• [Activity]:
Please repeat word for word the line containing "Personalised Polo Shirts" and every following line up to and including the last one below, pictures excluded.

[Information provided Boundary: Start]

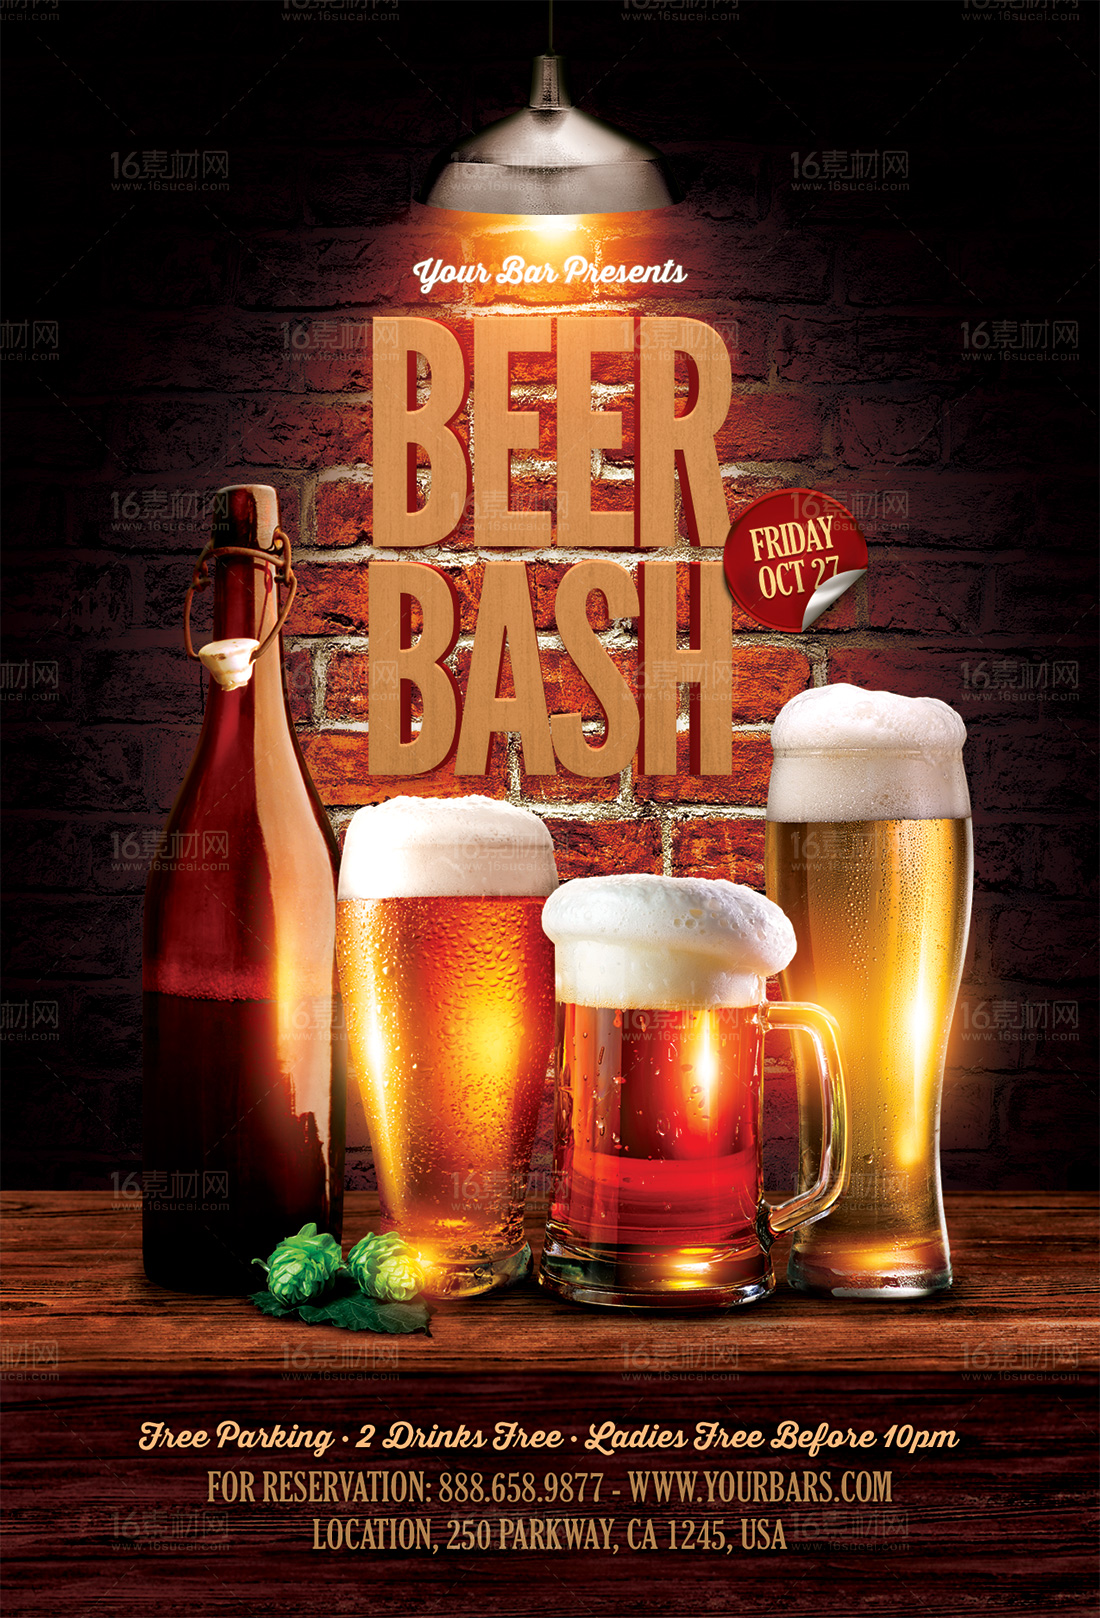 Beer-Bash-Flyer-Template-PSD.jpg
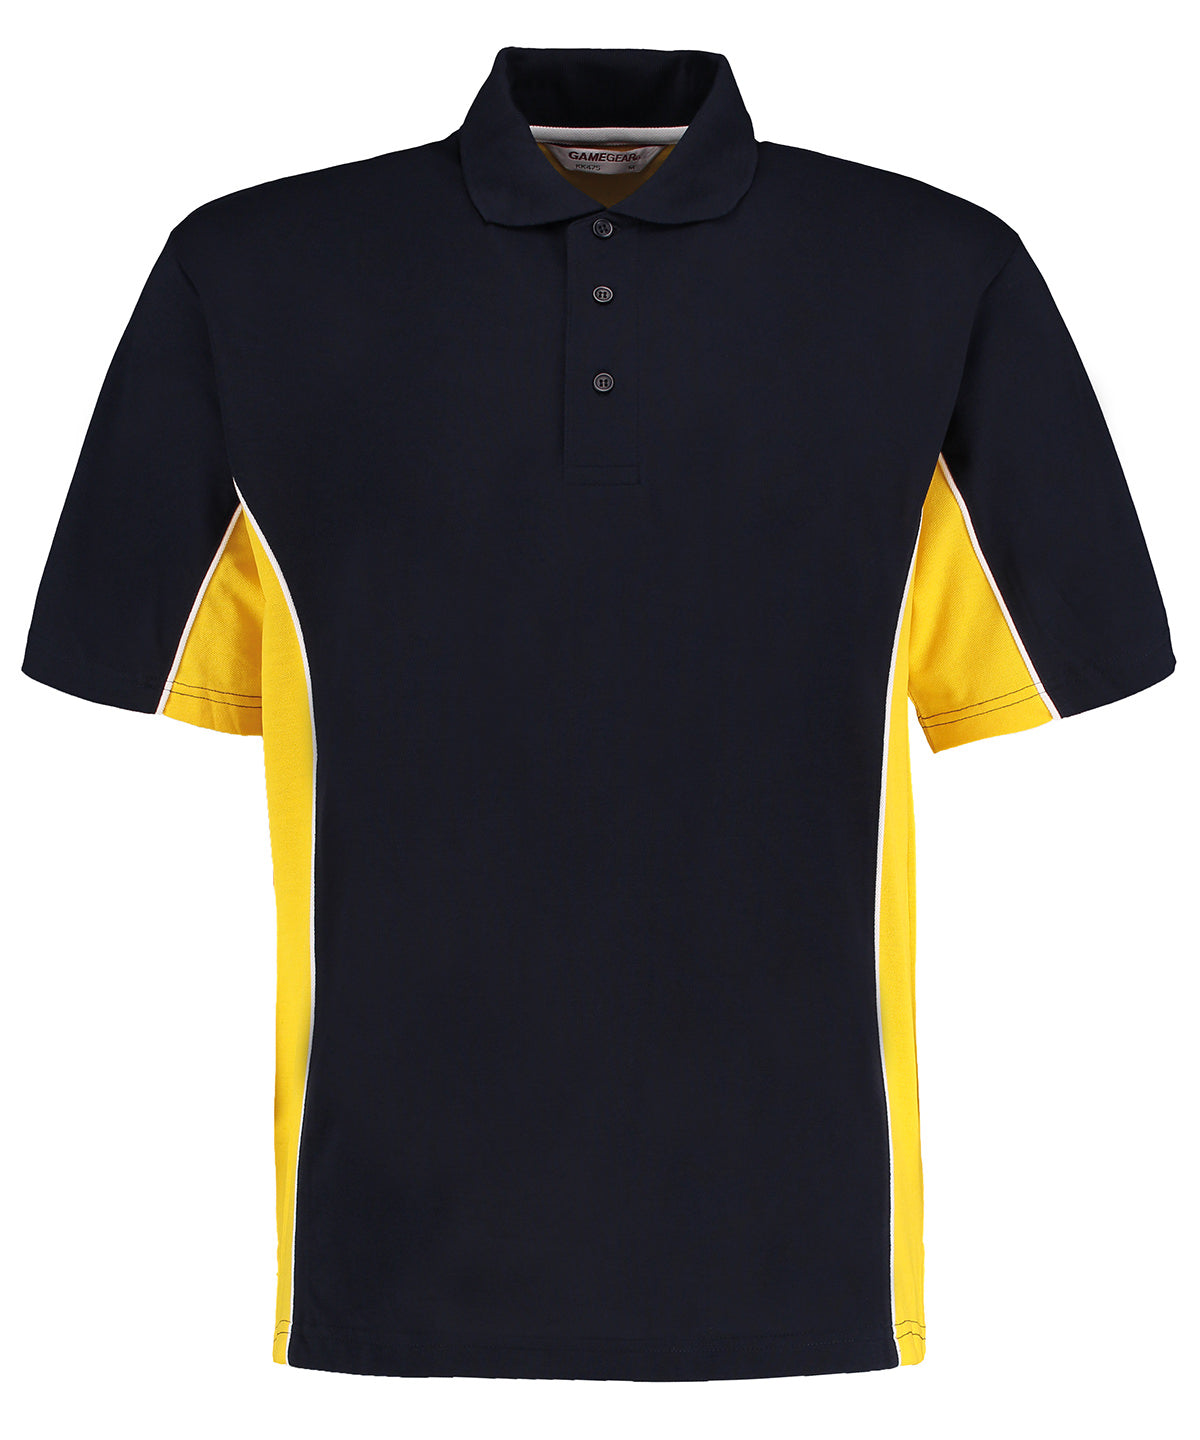 Personalised Polo Shirts - Black Kustom Kit Track polo (classic fit)
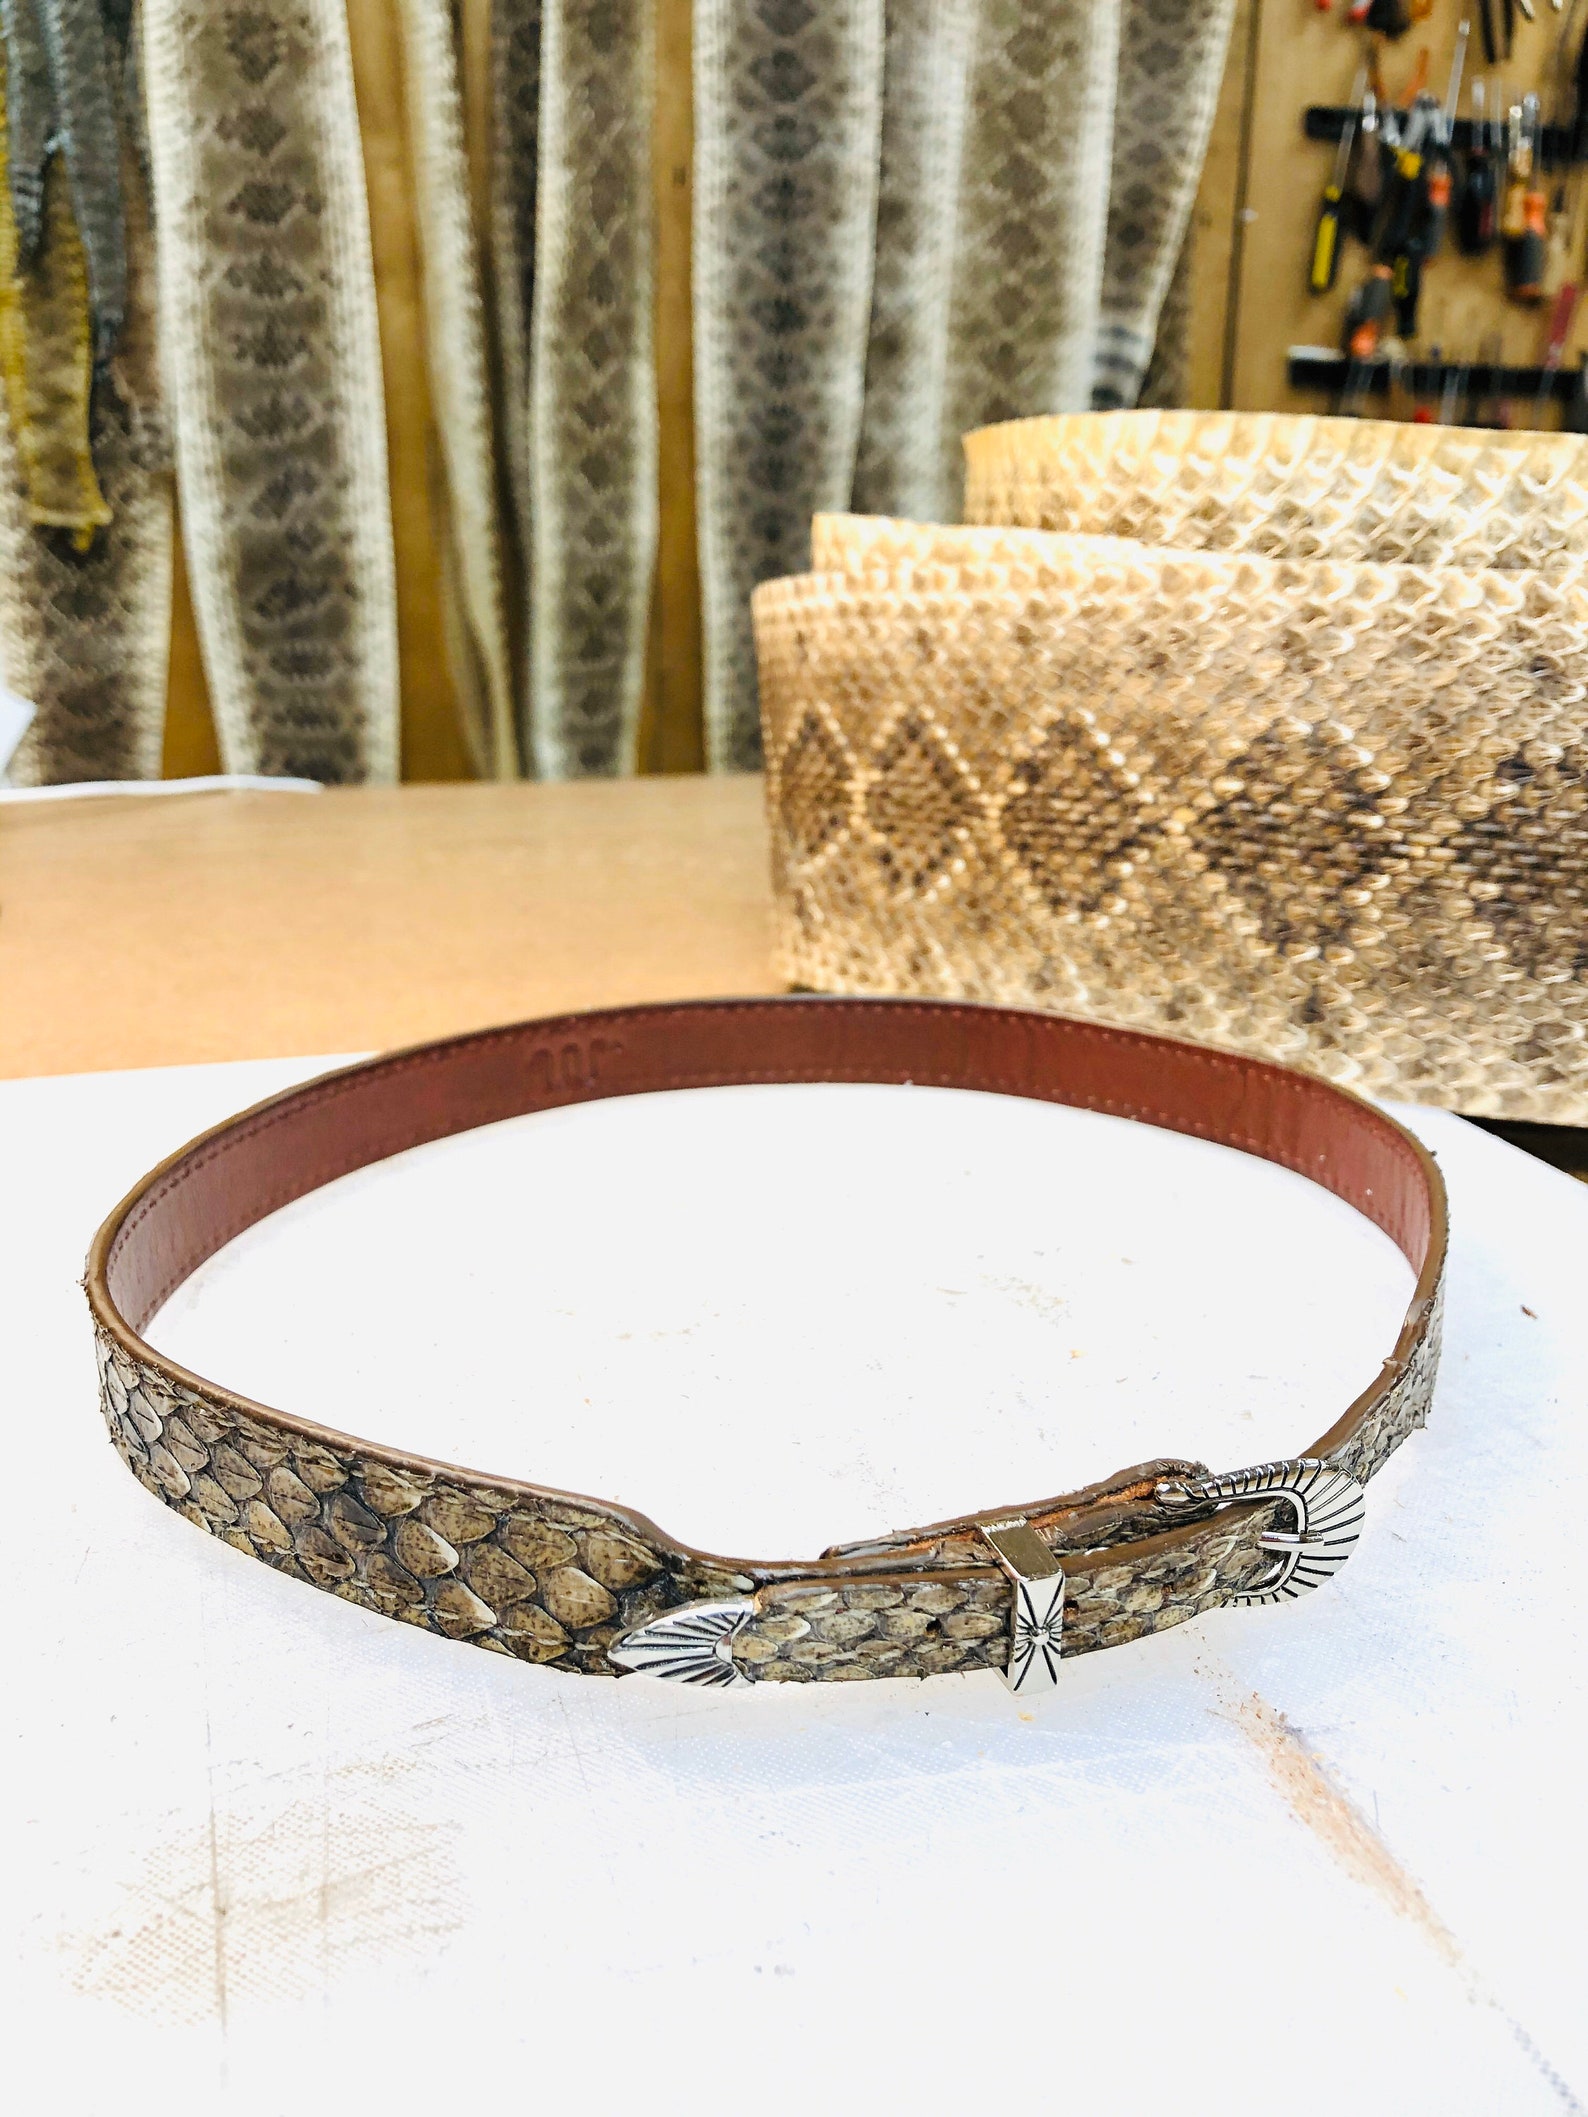 Diamondback Rattlesnake Hatband - Etsy

[Information provided Boundary: End]

• [Exercise response]:
 Personalised Polo Shirts - Black Kustom Kit Track polo (classic fit)
 Diamondback Rattlesnake Hatband - Etsy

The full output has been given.